We told our families and a few close friends. We talked about names, we planned out our coming months with a new scenario in mind, we tried to figure out the Luxembourg health system.

We had no idea how far along I was. We booked an appointment with a gynaecologist near our home for a few weeks later and waited and planned and got excited. I told Rasmus I didn’t know what the protocol here was but I wanted him with me: “If I’m further along than we think I am I want you there when we hear the heartbeat for the first time”…

The appointment arrived and we walked over to the doctor’s office on a beautifully sunny day, full of anticipation. A nurse took blood samples while I looked the other way and then we chatted together in Danish in the waiting room, making jokes to chase away the nerves.

The next few minutes are a blur to me now. I changed and lay down for the scan. Rasmus was standing behind our doctor watching his screen, there was one over my feet for me to watch on. I remember seeing our baby, seeing that blurring but certain shape appear on the screen and my heart beating a hundred times faster as I realised I was seeing our child for the first time. I remember our doctor telling us our baby was at least ten weeks old, much older than we’d thought.

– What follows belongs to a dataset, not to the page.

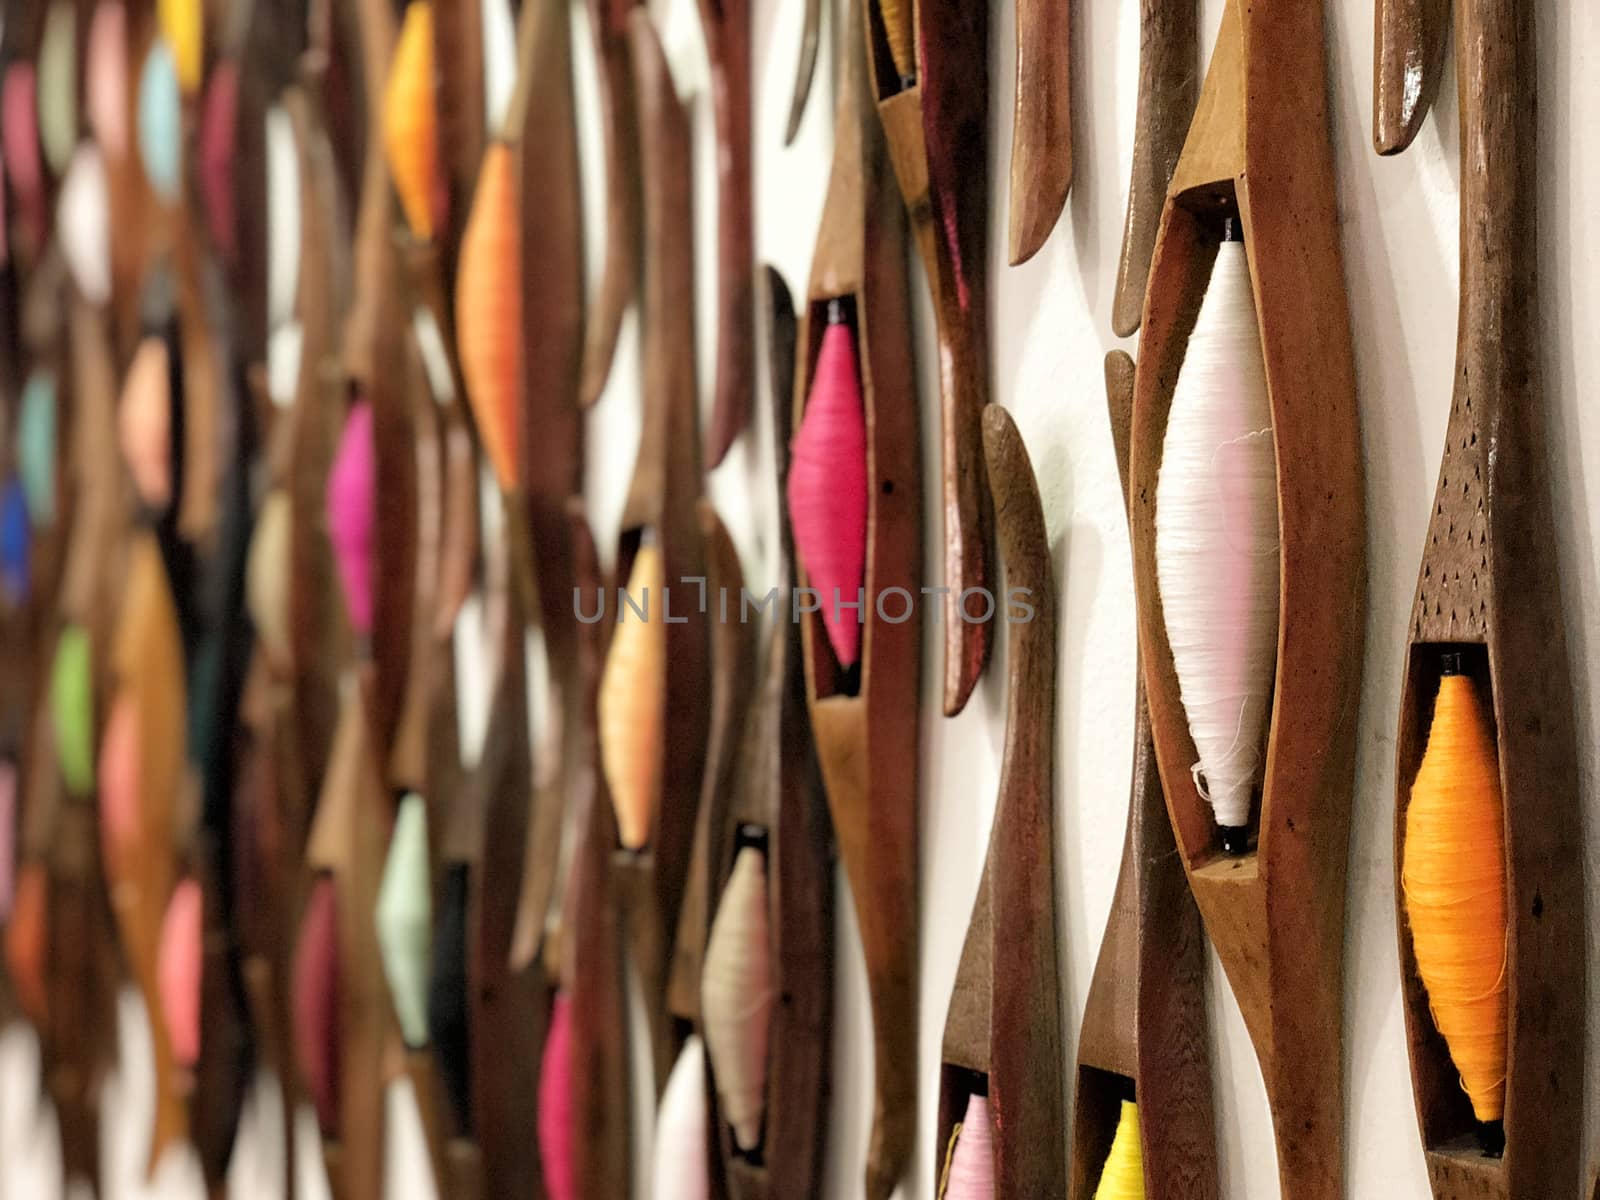 Thai handicraft wooden weaving shuttle for silk textile production
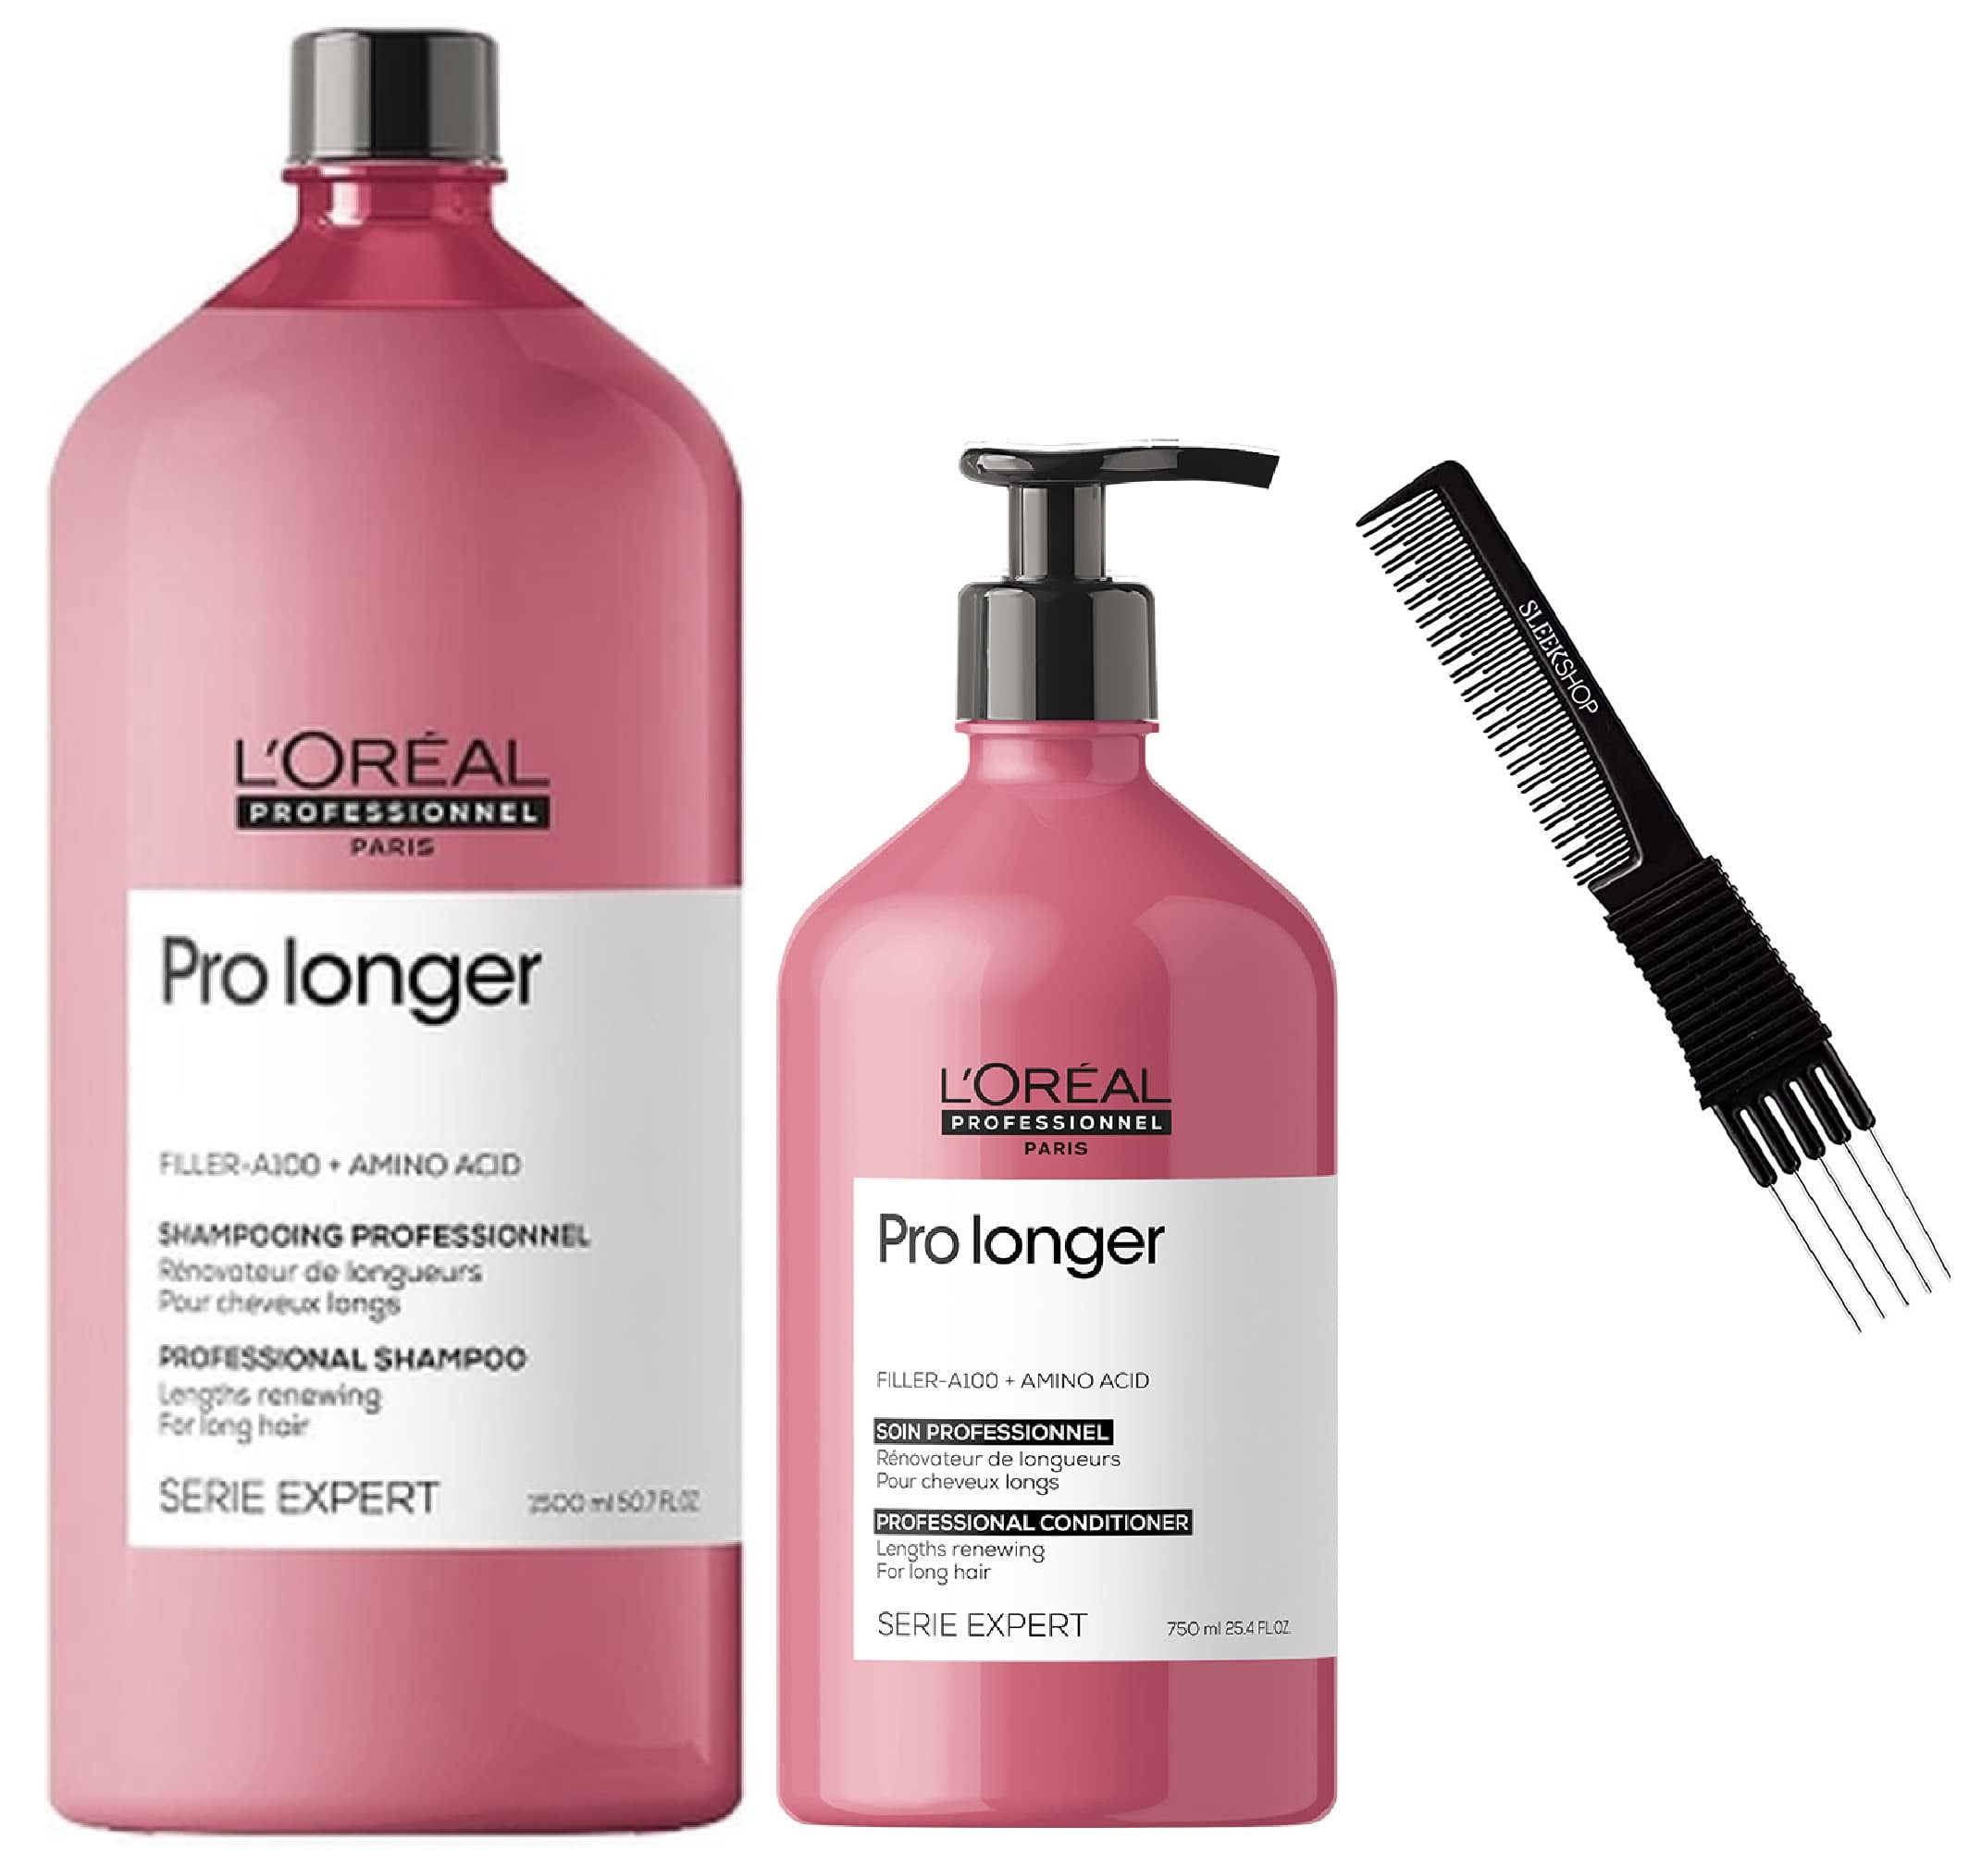 L'oreal SERIE EXPERT Pro Longer Professional Shampoo & Conditioner DUO Set, Lengths Renewing for Long Hair Kit (w/ Sleek Teasing Comb) (PRO LONGER LENGTHS - 50.7 oz 25.4 oz) - Walmart.com

And then I remember the doctor saying gently, “But I’m afraid there is no heartbeat”.

He explained some more, pointed out what he saw, but I couldn’t really focus. My hands clenched hard and I tried to keep my breathing steady but my body was working against me and the tears came easily. Rasmus was at the foot of the bed, his face reflecting the shock mine must have been showing. The doctor left us for a moment and I collapsed into his arms, heavy sobs engulfing me.

The baby we’d been so excited for had died.

The afternoon was drenched in tears. We lay together for hours, with few words to say, just clinging to each other and wishing it was not true. Prayers started turned into more tears. We sat through more appointments where the worst was confirmed and we cried some more.

I was booked in for surgery the next day, on the recommendation of all three doctors we spoke to. That day was so hard. We were surrounded all day by kindness: health staff who spoke their French slowly to us so we could understand, a doctor who shared our sadness and explained everything clearly, nurses who held my hand as I waited outside the operating room, and then wiped away my endless tears and murmured soft words to me when I woke up in the recovery room.

We came home to flowers on the doorstep from the only friend in Luxembourg we’d told and countless messages from our family who surrounded us in love even while they were far away. As we’ve chosen to let people know, we’ve been met with understanding and big hugs and eyes welling with their own tears. People have let us know that they too have known this pain and that shared experience has been a comfort to us. Within all the pain and heartache of these days, we are carried through on a wave of support and love, and we are so grateful for that.

My precious husband has been my rock and my strength. He has cried with me, stayed with me, hugged me, prayed over me, bought me chocolate, cooked me food, made me smile again. He’s reminded me it’s not my fault, reminded me that it feels wrong because death is always wrong, reminded me that we will get through this. He’s told me he loves me over and over.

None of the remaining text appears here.